For the ALB target group, configure the health check path to /ready with a matcher of 200 and a healthy threshold of 2 consecutive successes. This ensures the load balancer only sends traffic to containers that have confirmed the model is in memory and serving.

Common Errors and Fixes

OOM kills during model load. You’ll see tasks stop with exit code 137 and a CannotPullContainerError or OutOfMemoryError in CloudWatch. The model plus the Python runtime plus FastAPI overhead adds up fast. A 1GB model file can expand to 2-3GB in memory. Set your ECS task memory to at least 2x the model’s disk size. For the all-MiniLM-L6-v2 example above, the model is about 90MB on disk but 4096MB of task memory gives comfortable headroom for the runtime, tokenizer, and inference buffers.

Image too large to pull. Baking models into Docker images makes them big. A 3GB model means a 4GB+ image. ECR pull times alone can take 2-3 minutes on Fargate. Use multi-stage builds to strip build tools from the final image. Consider using an init container that pulls the model from S3 instead if image size gets past 5GB. But for models under 2GB, baking them in is the simplest approach and avoids S3 download failures.

Health check timeout during model load. If startPeriod is too short, ECS will restart your container before the model finishes loading. Symptoms: tasks cycling between RUNNING and STOPPED repeatedly. Fix: increase startPeriod to at least 2x your observed model load time. Check CloudWatch logs for the “Model loaded and ready to serve” message to measure actual load time.

ECS scaling in drains warm containers. Auto-scaling doesn’t know which containers are “warm” and idle versus actively serving. When it scales in, it might kill a warm container that was about to receive traffic. The ScaleInCooldown of 300 seconds helps, but the real fix is setting MinCapacity equal to your desired warm pool size. Don’t let auto-scaling go below your warm floor.

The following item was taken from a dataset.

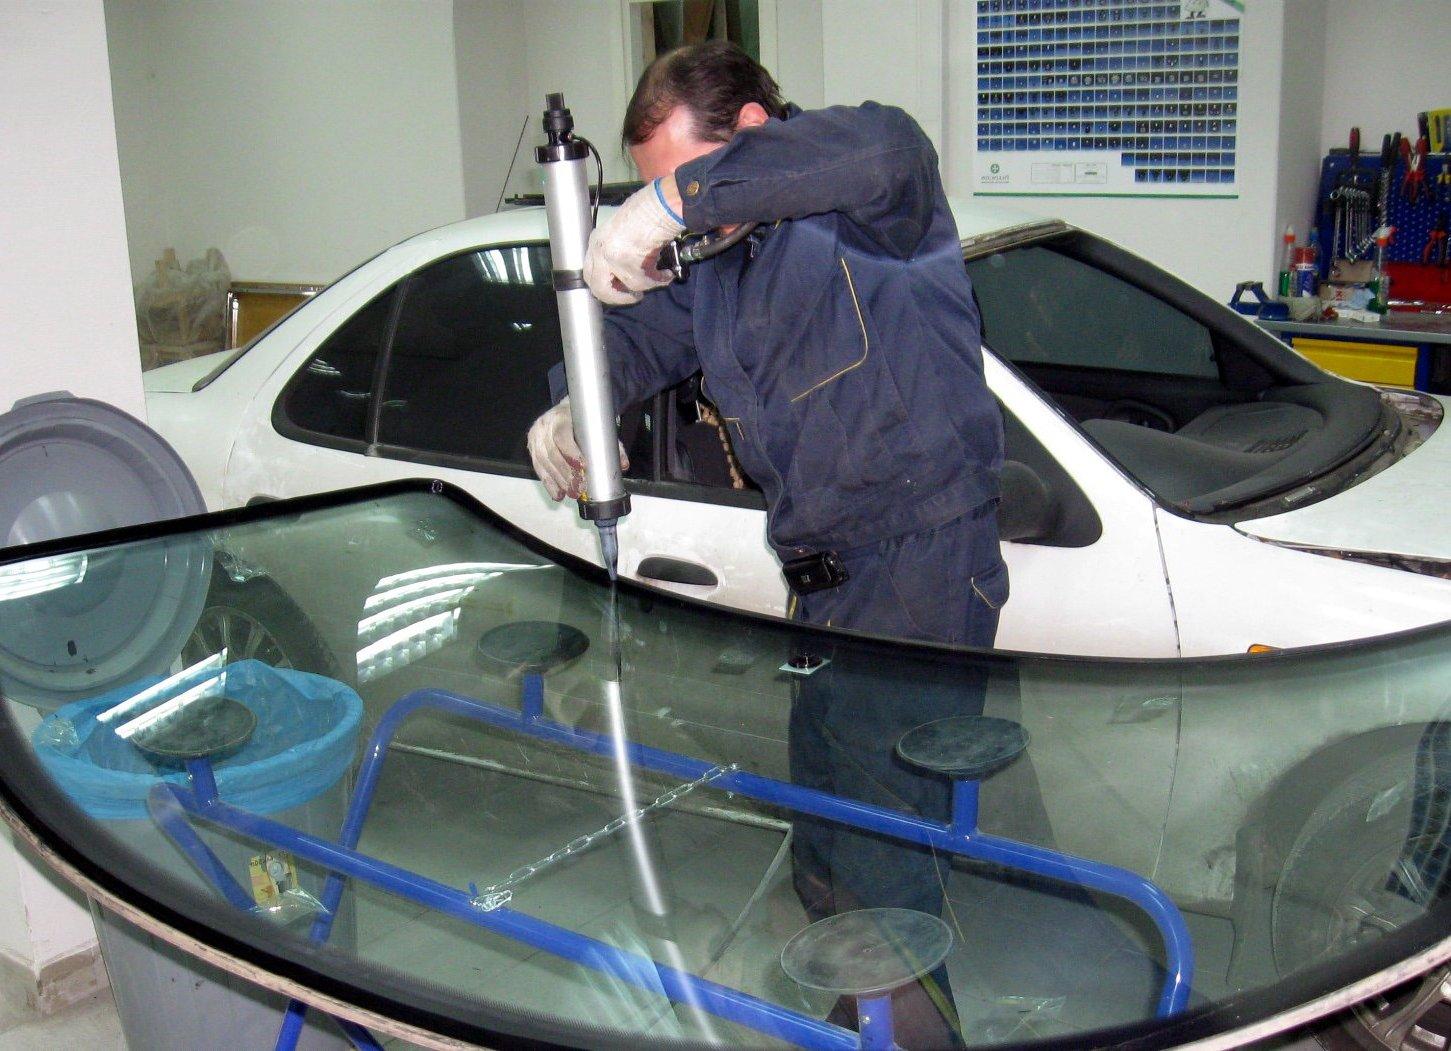 установка автостекла после продажи

Container starts but /ready never returns 200. Usually means the model path is wrong or the model cache directory doesn’t exist inside the container. If you’re using Hugging Face models, the default cache is ~/.cache/huggingface/. In Docker, ~ resolves to /root/ which is fine if running as root, but breaks if you switch to a non-root user. Set HF_HOME=/app/.cache in your Dockerfile and download to that path explicitly.